Едва ли необходимо делать больше, чем едва ссылаться на использование метафоры художником, когда вовлечено представление действия, как, например, если бы он должен был создать картину вздымающегося корабля в шторм, чтобы встретить метафору «Как корабль бросает в бурном море, так прошел курс моей жизни», хотя этот вид картины изредка выполнялся, художник забывая, что сравнивается не изображенный объект, а действие — в приведенном примере, бросание корабля — которое не может быть представлено на холсте. Другая форма метафоры, иногда используемая художником, — это та, где сравнение идей представлено физическими пропорциями, как в «Вещах настоящего, как их видит будущее» Вирца, в которых вещи настоящего обозначены лилипутскими фигурами на руке женщины в натуральную величину, которая представляет будущее. Излишне говорить, что такие дизайны, которых существует около дюжины, могут только предполагать искажение, ибо меньшие фигуры должны казаться слишком маленькими, а большие — слишком великими; или если наш опыт с миниатюрными имитациями человеческой фигуры оправдывает нас в рассмотрении меньших фигур как разумных, тогда большие должны казаться гигантами бробдингнегского порядка.

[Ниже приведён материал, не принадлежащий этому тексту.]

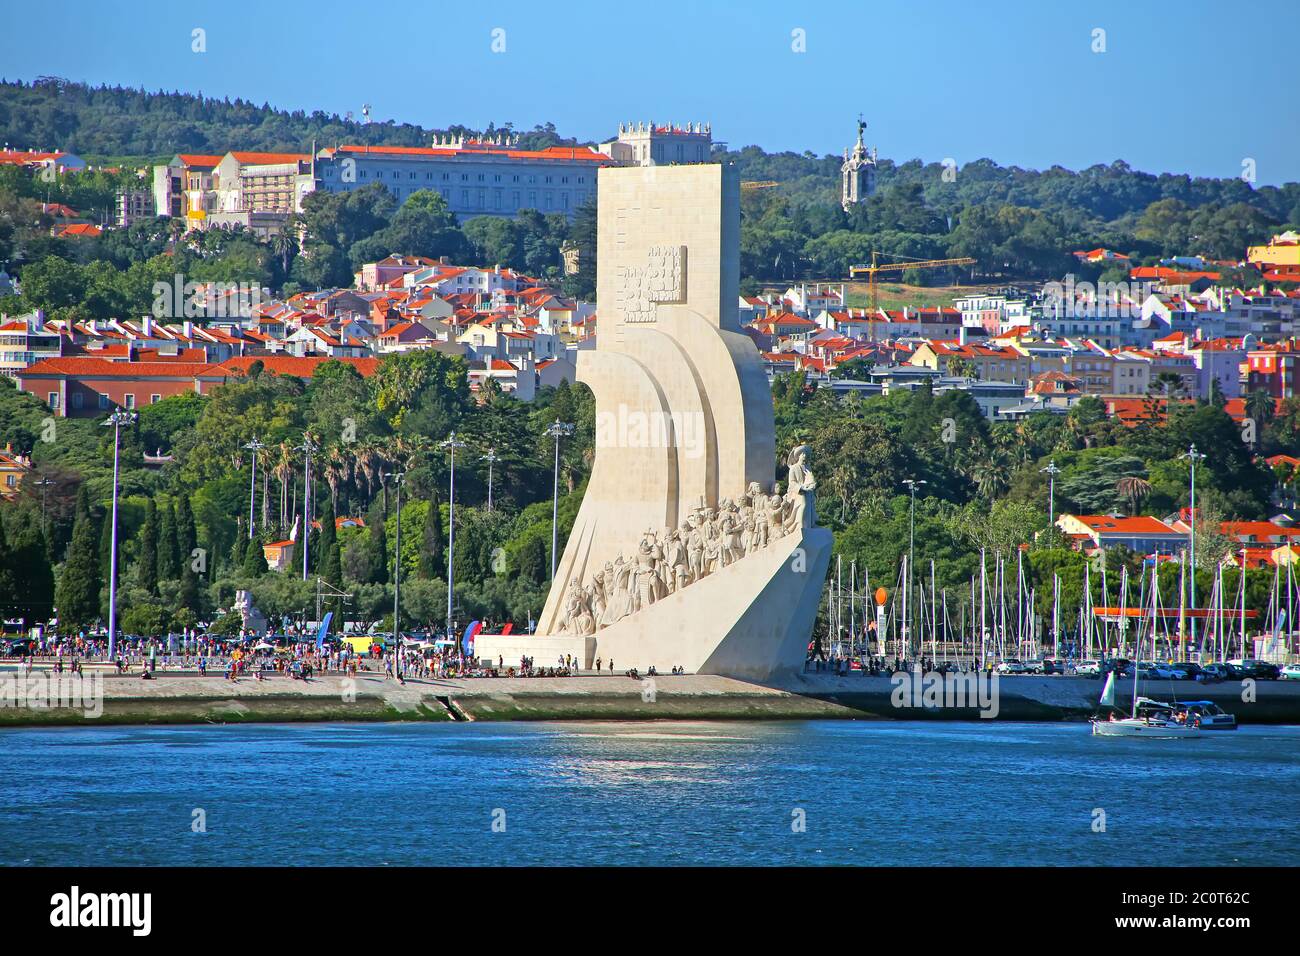 Padrao dos Descobrimentos oder Monument der Entdeckungen; am Ufer des Flusses Tejo mit der Stadt im Hintergrund, Belem, Lissabon, Portugal. Stockfoto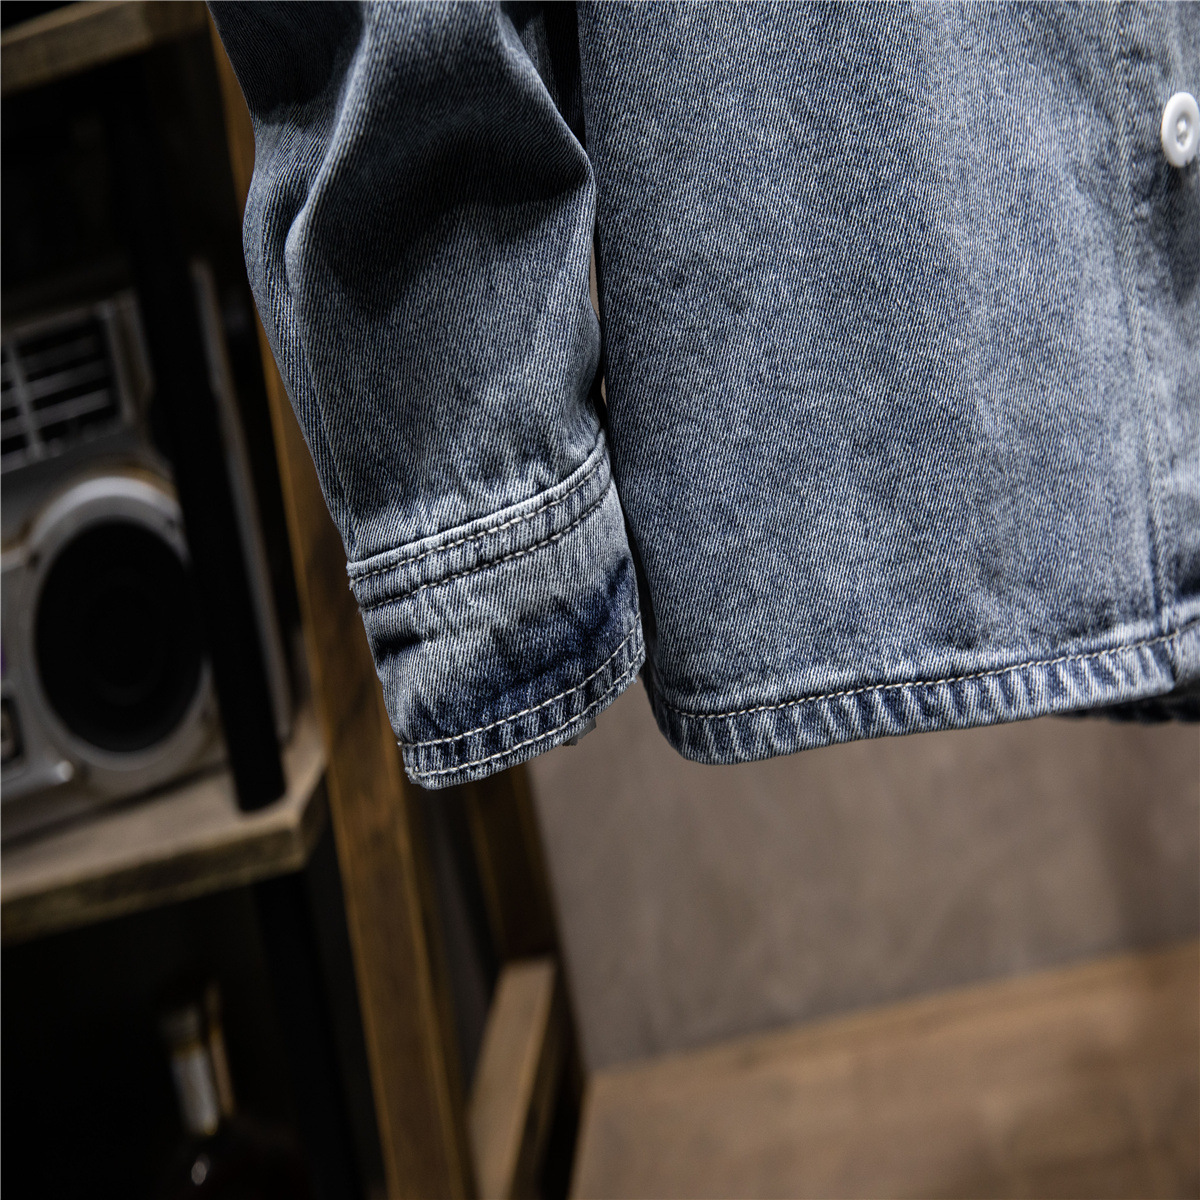 Blue jeans Jacket Men's Fashion Top Jacket Hoetla Mariha Season Top Featured Image

Единственная форма метафоры, которая может быть использована художником, — это та, в которой прекрасный символ типизирует высокое абстрактное качество. Метафора принадлежит должным образом искусствам поэта и романиста, которые могут указать символ и символизируемые вещи в непосредственной последовательности, так что весь смысл очевиден. Художник может только представить символ, и если это не красиво и его смысл легко понят, его знак — просто иероглиф — знак письма. Вторичное искусство включает символическую живопись, когда символ может представлять либо сам символ, либо символизируемую вещь, ибо такое условие включает путаницу идей, которая имеет тенденцию разрушать эстетический эффект работы. Самая примечательная картина такого рода — «Козел отпущения» Холмана Ханта, где дизайн показывает только козла в пустынной местности. Козел отпущения перестал быть реальностью на века, и единственное значение термина, как он сейчас используется, применяется к человеку: следовательно, с названием козел кажется символом и человека, и животного, в то время как без названия это просто изображение козла без символизма. Но концепция животного любого рода как символа чужда искусству художника, чей символ должен всегда быть красивым, какова бы ни была природа представления.
СНОСКИ:
[a] Зал цирюльников, Лондон.
[b] Королевская биржа, Лондон.
[c] Примеры — «Купидон, венчающий Изабеллу д'Эсте» Лоренцо Косты, «Адраст и Гипсипила» Джорджоне и картина «Марсий» Пьеро ди Козимо.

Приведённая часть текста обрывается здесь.